I have to admit that I never came across anything similar to whats happening here! Although I did write a Court report on someone who was officially "transgendered" and the subject came up of which prison - if prison were to be considered. And at that time after speaking to my Seniors we all agreed that prison had to be discounted as an option because "she" would have had to go to a male prison given that "she" was born male. If memory serves me right it doesnt matter that you change gender or are in the process of doing so .... its whats on your birth certificate that matters, the law could have changed since then in the UK but I dont believe so. In a male prison "she" would have been kept seperately from male inmantes but that wouldnot be guaranteed.


----------



## Suenneil (Feb 17, 2009)

*Do you remember a similar Spanish story ??*

This takes me back a couple of months to a very similar story in the Spanish press! Only this "guy" has been given the go ahead by the UK Courts to transfer to a womens prison (even though "he" still has all his bits in place!!!) .... and he is a convicted RAPIST!

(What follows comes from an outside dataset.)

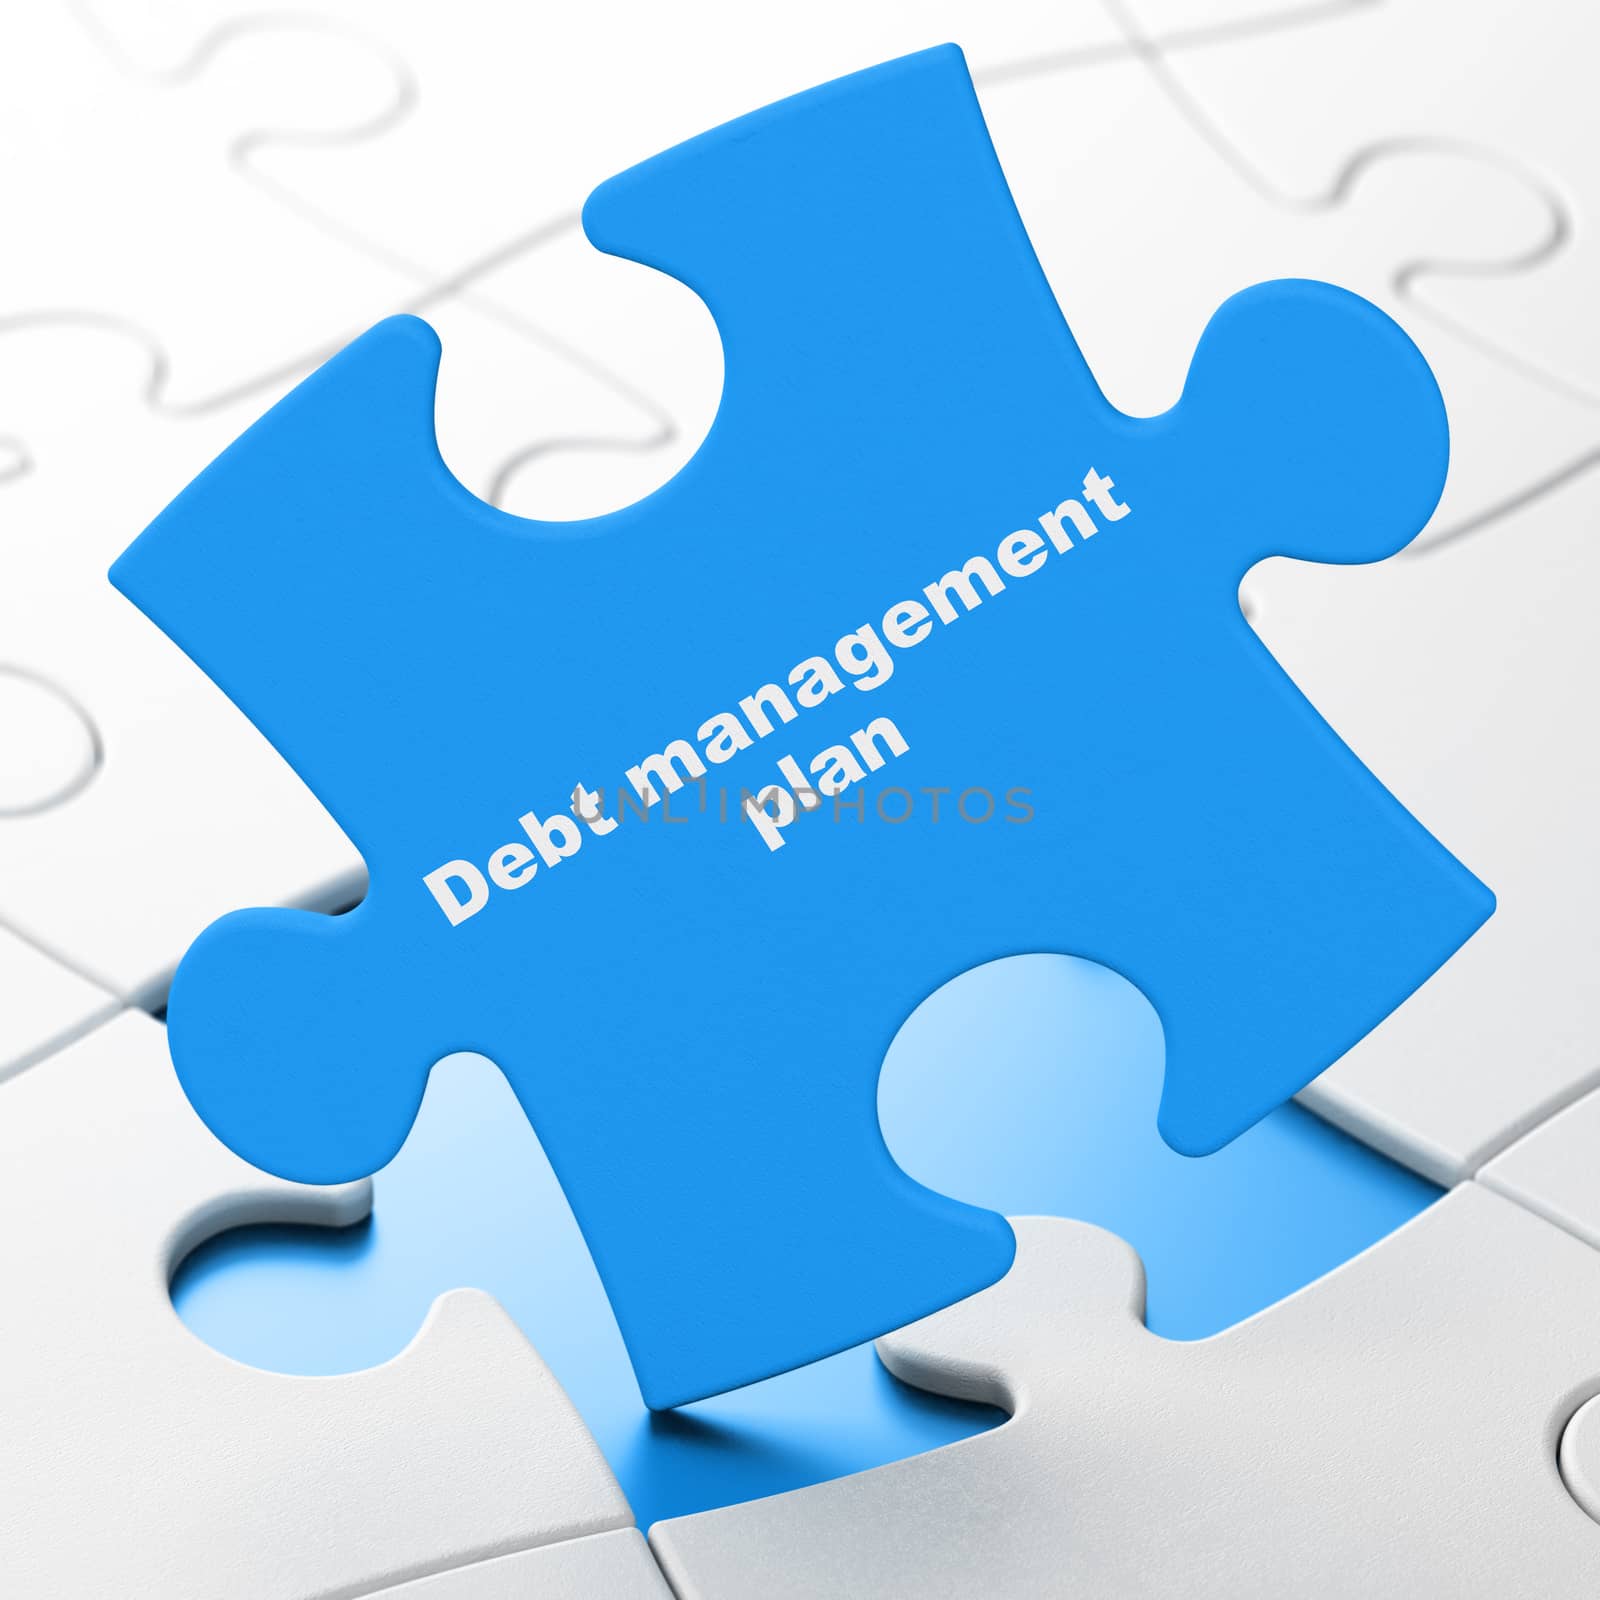 Business concept: Debt Management Plan on Blue puzzle pieces background, 3D rendering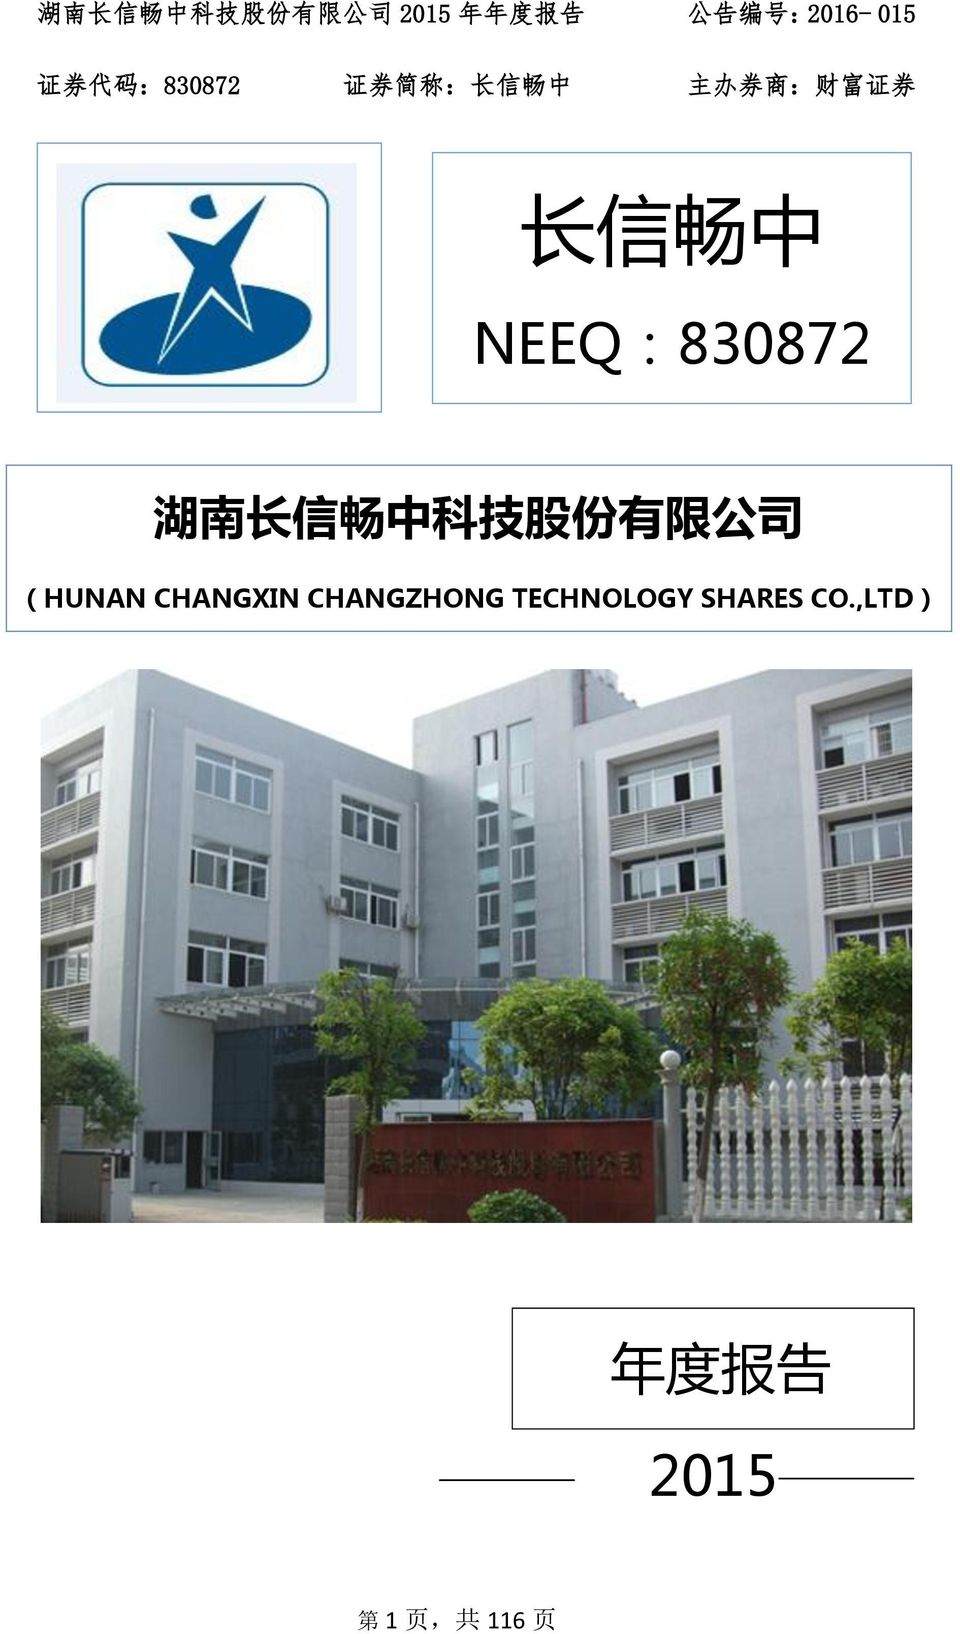 NEEQ:830872 湖 南 长 信 畅 中 科 技 股 份 有 限 公 司 (HUNAN CHANGXIN

Is it still just me thats going mad ??????????????? 

Transsexual prisoner wins right to be in female prison - Telegraph

Sue :ranger:


----------



## jojo (Sep 20, 2007)

Suenneil said:


> This takes me back a couple of months to a very similar story in the Spanish press! Only this "guy" has been given the go ahead by the UK Courts to transfer to a womens prison (even though "he" still has all his bits in place!!!) .... and he is a convicted RAPIST!
> 
> Is it still just me thats going mad ???????????????
> 
> ...



I suspect "he" may well get his gender realignment operation done by some of the inmates!!!!! Lets hope so, it'll save a few thousand for the NHS!!


Jo xxx


----------



## Suenneil (Feb 17, 2009)

jojo said:


> I suspect "he" may well get his gender realignment operation done by some of the inmates!!!!! Lets hope so, it'll save a few thousand for the NHS!!
> 
> 
> Jo xxx


Indeed  Did you read the bit where they were saying "he" will probably still have to be kept in isolation, for safety reasons, at a cost of 80k a year!!!

I think this is sooooooooooo bad.

The Human Rights issue is a double edged sword - it works in worthy cases - but allows so much wrongdoing and bad decision making on the other


----------



## jojo (Sep 20, 2007)

Suenneil said:


> Indeed  Did you read the bit where they were saying "he" will probably still have to be kept in isolation, for safety reasons, at a cost of 80k a year!!!
> 
> I think this is sooooooooooo bad.
> 
> The Human Rights issue is a double edged sword - it works in worthy cases - but allows so much wrongdoing and bad decision making on the other


For everyone who wins their human rights, someone else loses theirs

Jo xxx


----------



## JBODEN (Jul 10, 2009)

I wouldn't be too concerned. I heard that in the Middle East if a male offended in some manner he was thrown into a harem where he died an agonizing death. If the female prisoners get hold of this guy I think that it wont be them being raped. Poetic justice ...?


----------



## Suenneil (Feb 17, 2009)

JBODEN said:


> I wouldn't be too concerned. I heard that in the Middle East if a male offended in some manner he was through into a harem where he died an agonizing death. If the female prisoners get hold of this guy I think that it wont be them being raped. Poetic justice ...?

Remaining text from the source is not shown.